- Problem details: From the records below, output exactly the lines starting at the line with "Gallery, Paris 2015" and ending at the line with "ZaraMan Knitted Jogg", both of them included, but no pictures.

- Study material:
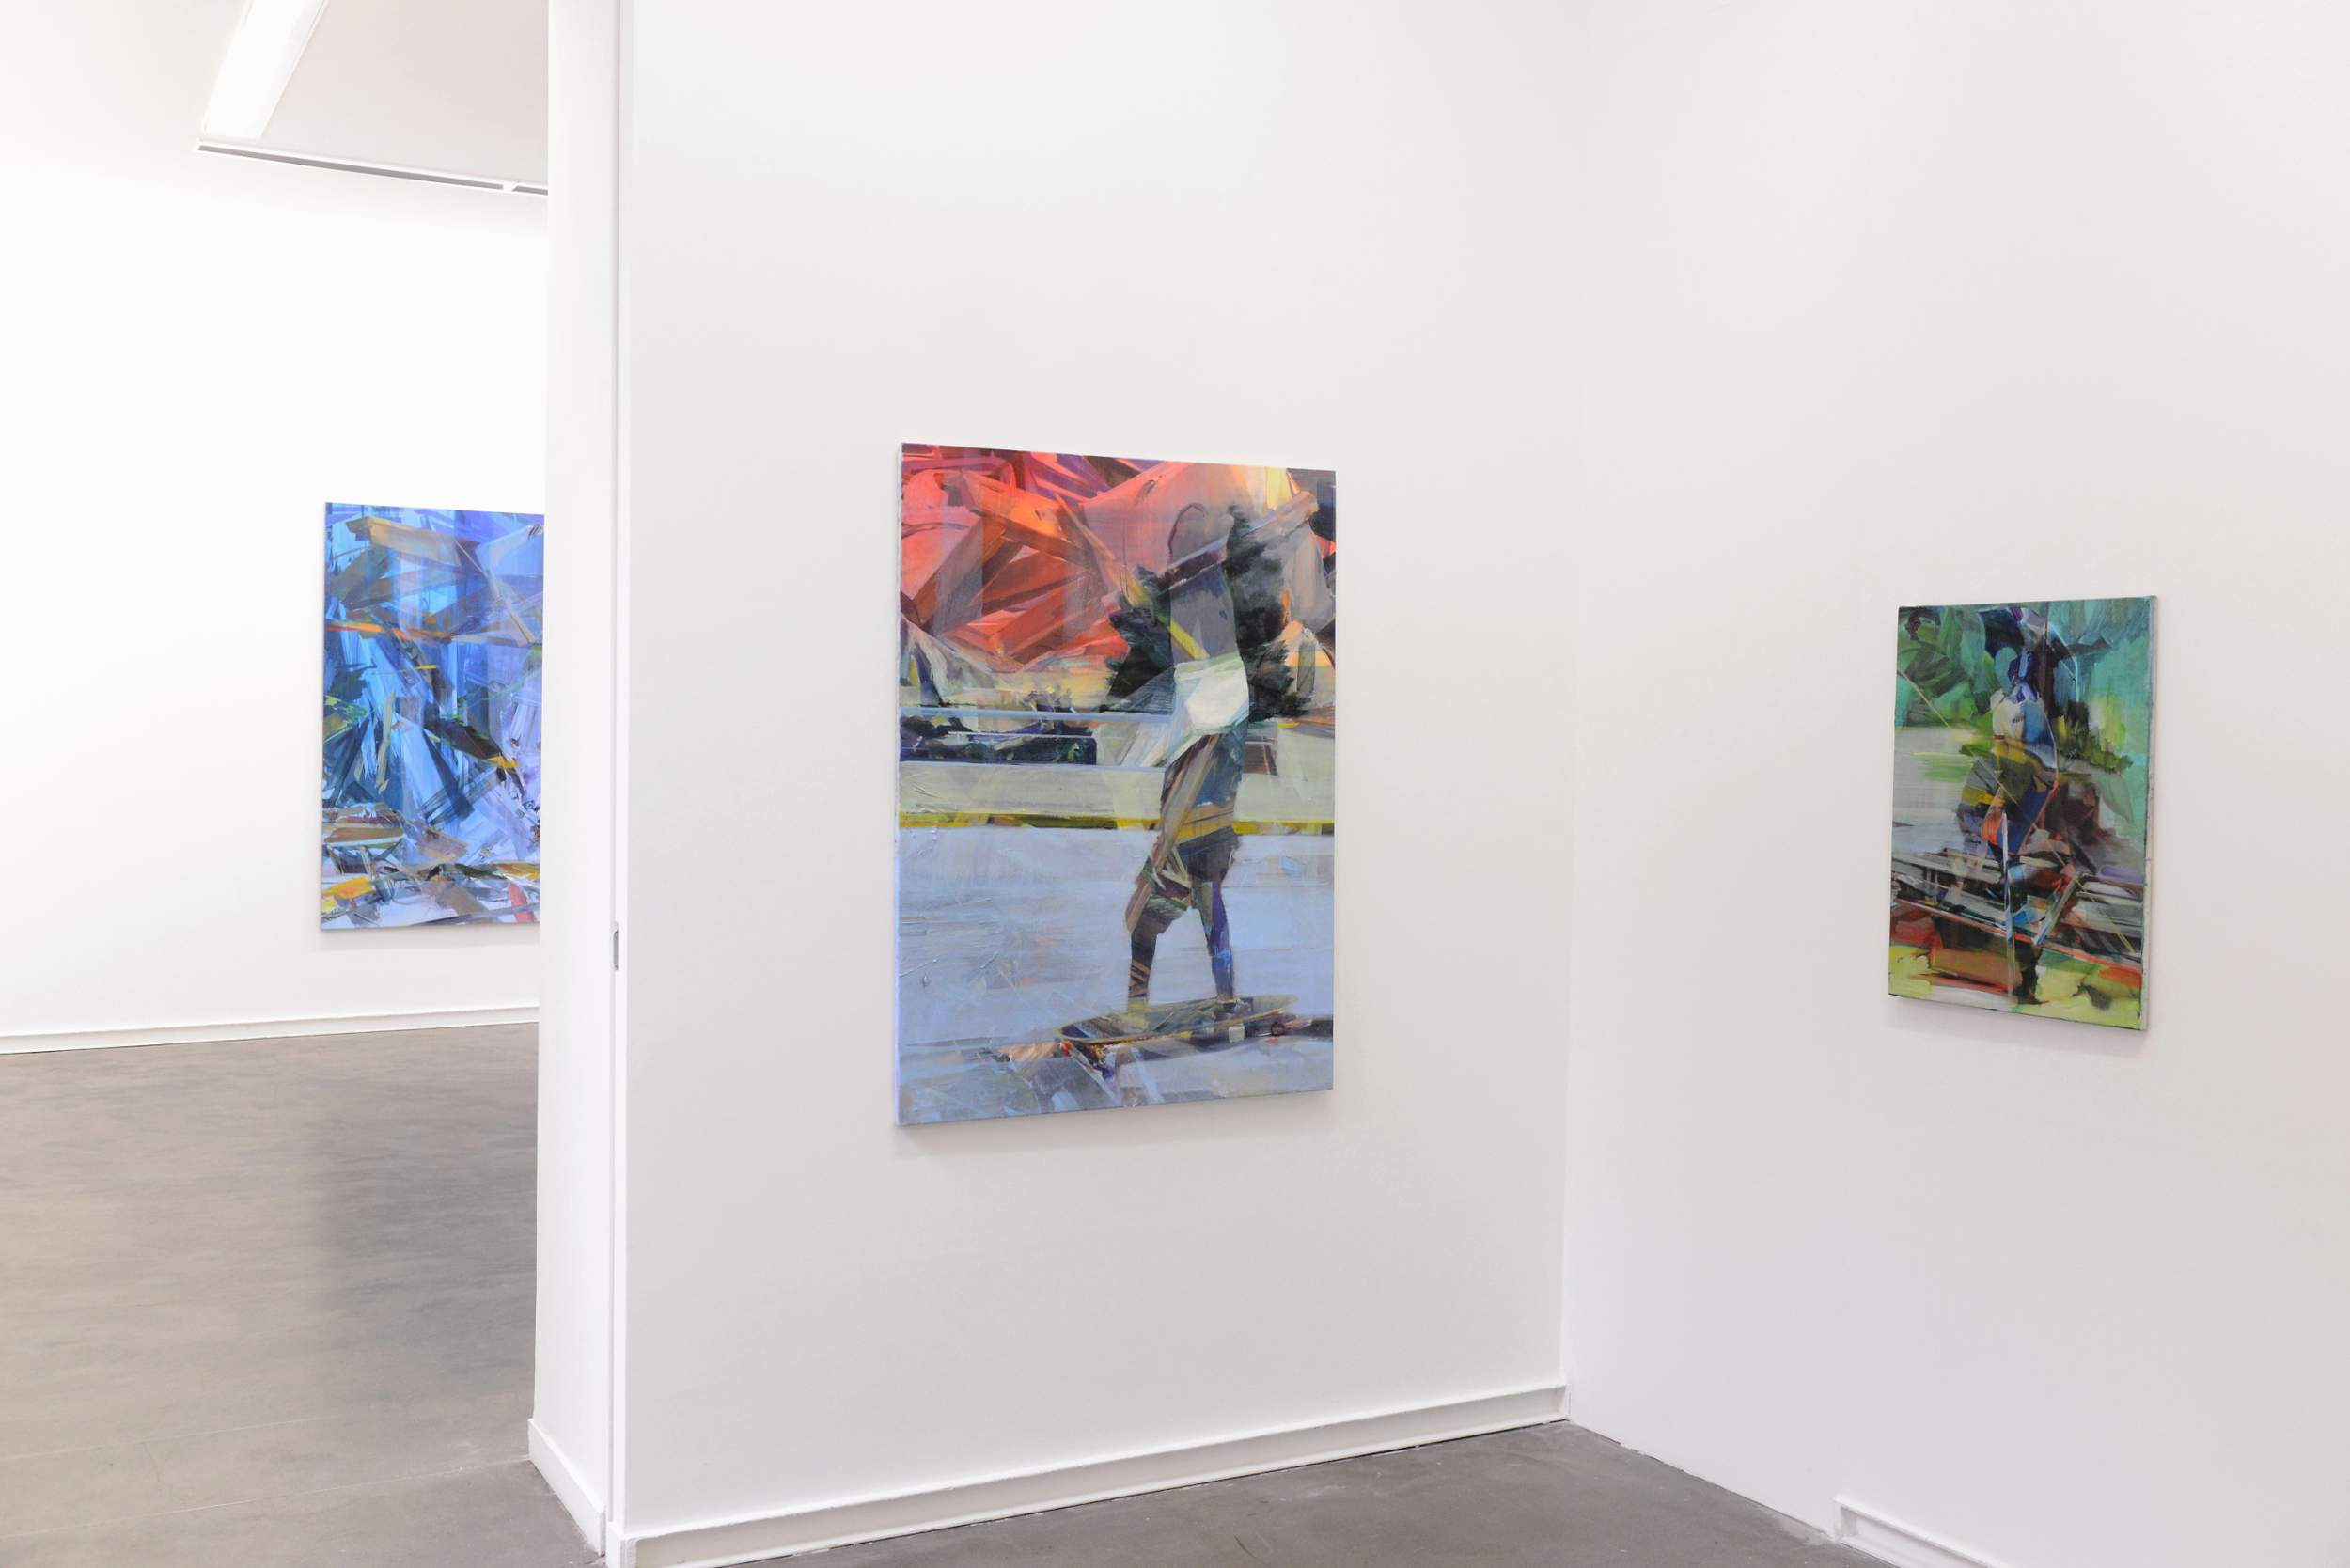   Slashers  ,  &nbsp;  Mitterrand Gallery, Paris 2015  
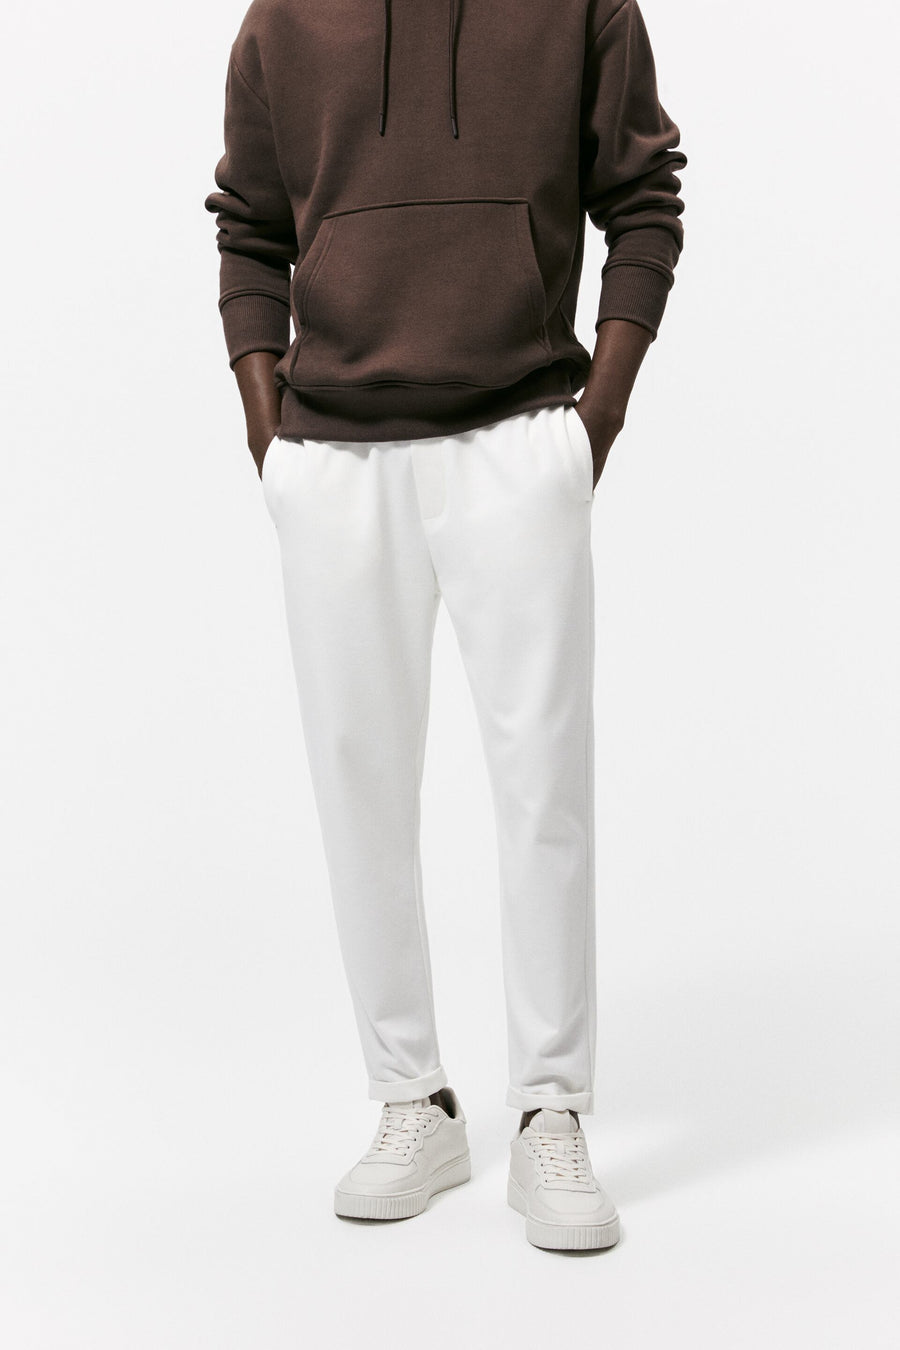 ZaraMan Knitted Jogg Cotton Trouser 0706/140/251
---
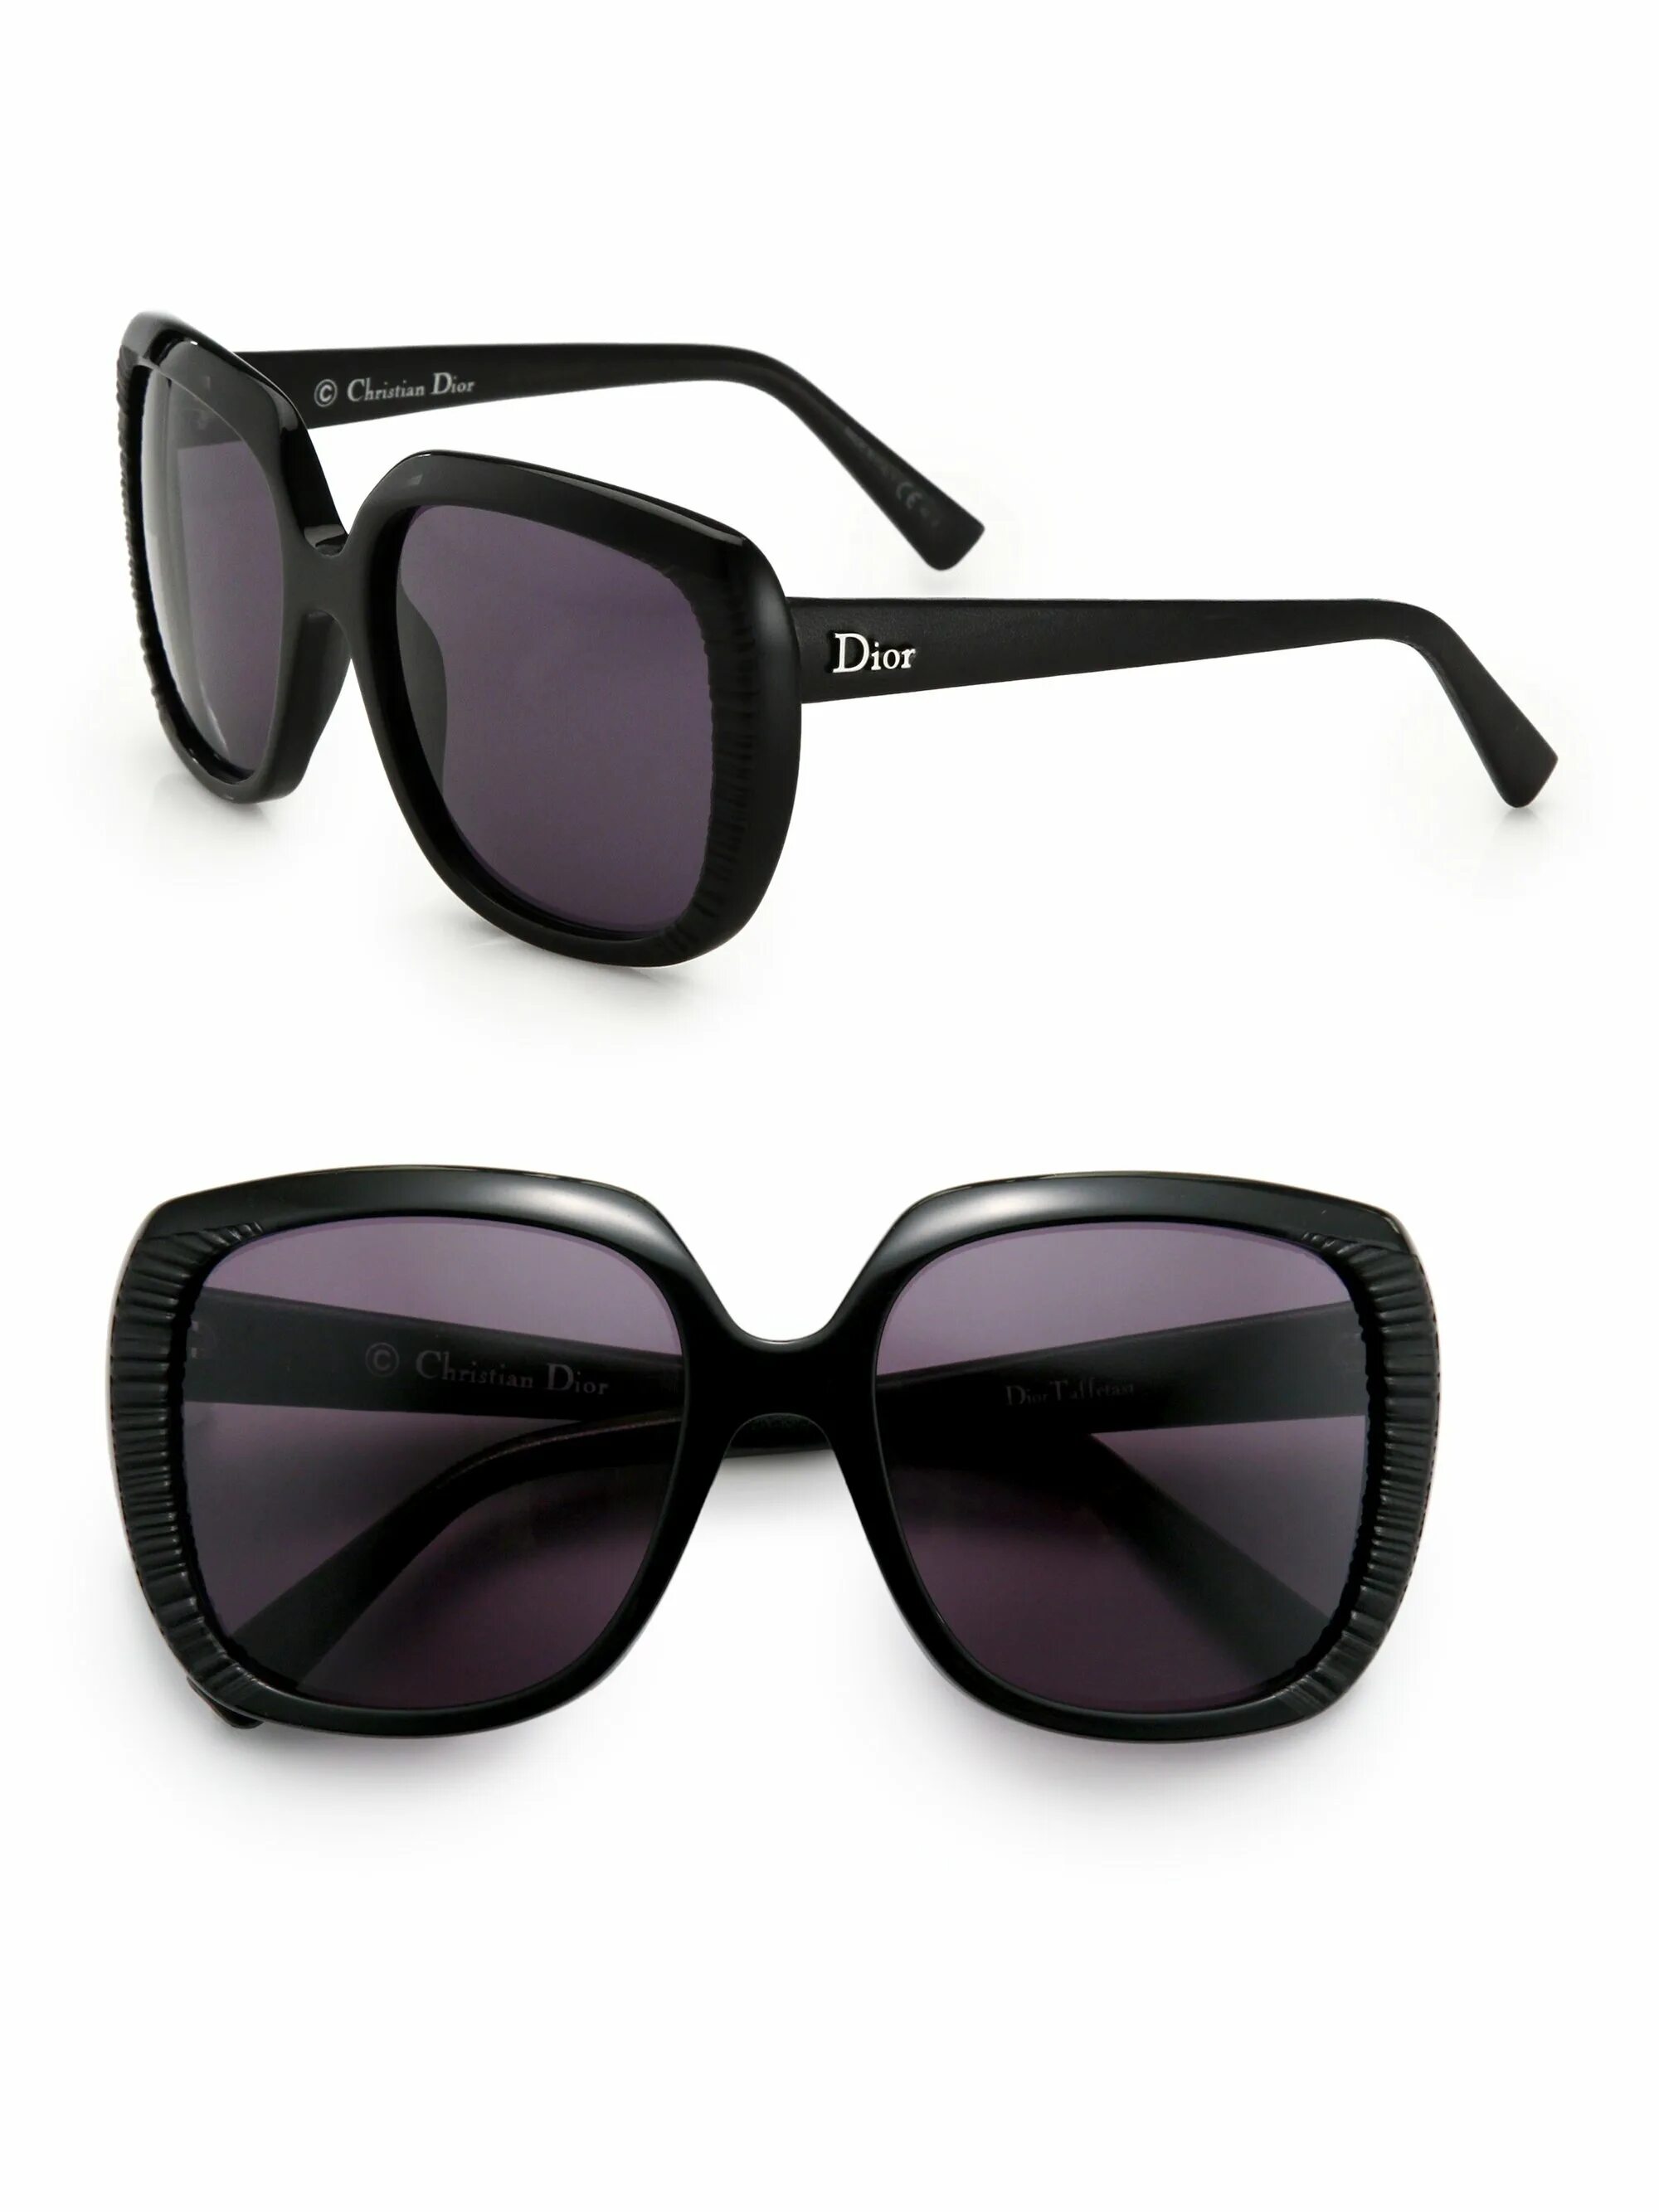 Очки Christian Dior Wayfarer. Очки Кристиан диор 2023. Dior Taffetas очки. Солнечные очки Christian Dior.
---
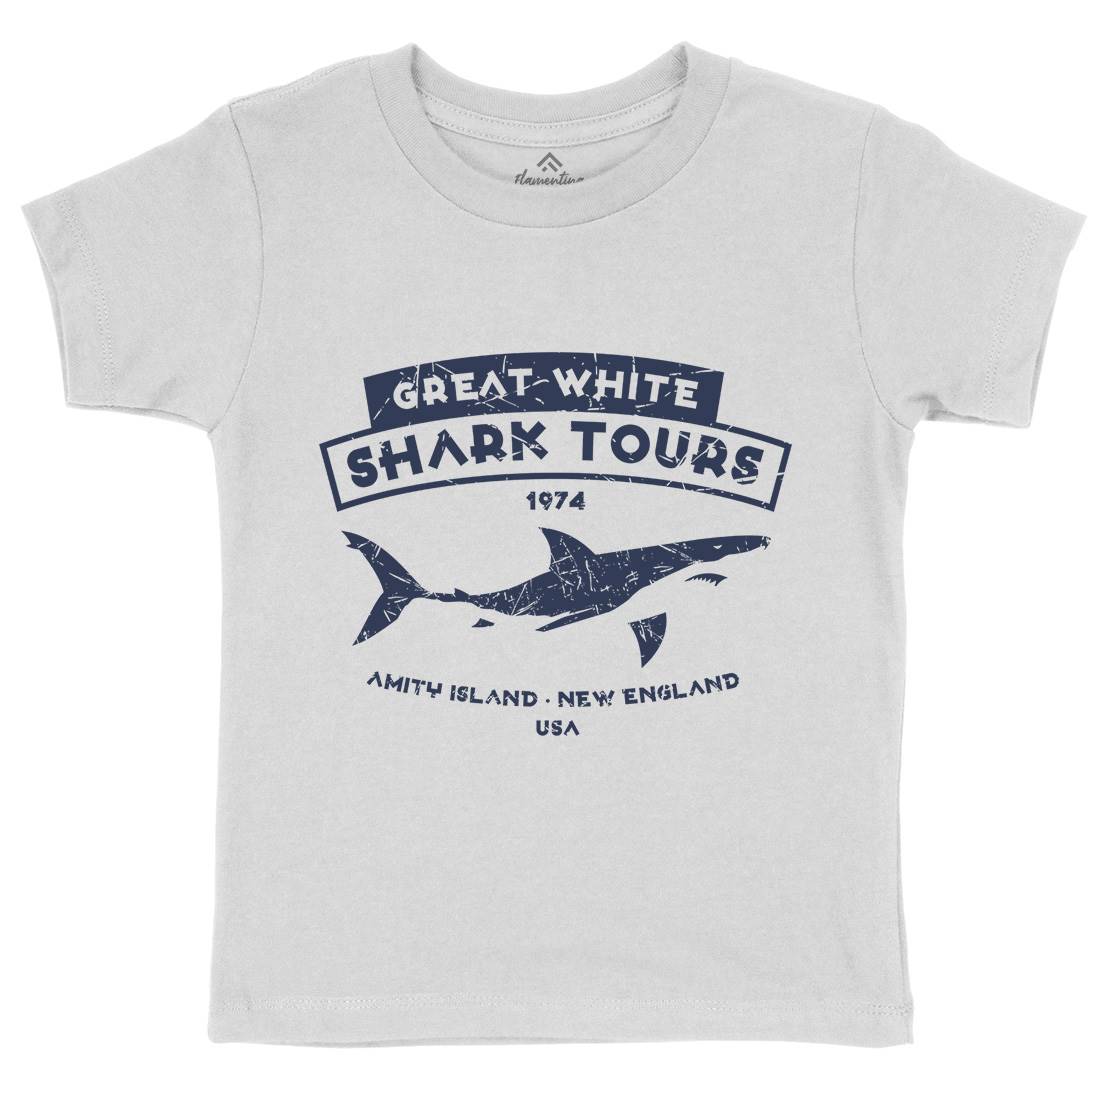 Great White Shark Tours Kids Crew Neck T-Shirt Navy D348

- Answer space:
   Slashers  ,  &nbsp;  Mitterrand Gallery, Paris 2015  
 ZaraMan Knitted Jogg Cotton Trouser 0706/140/251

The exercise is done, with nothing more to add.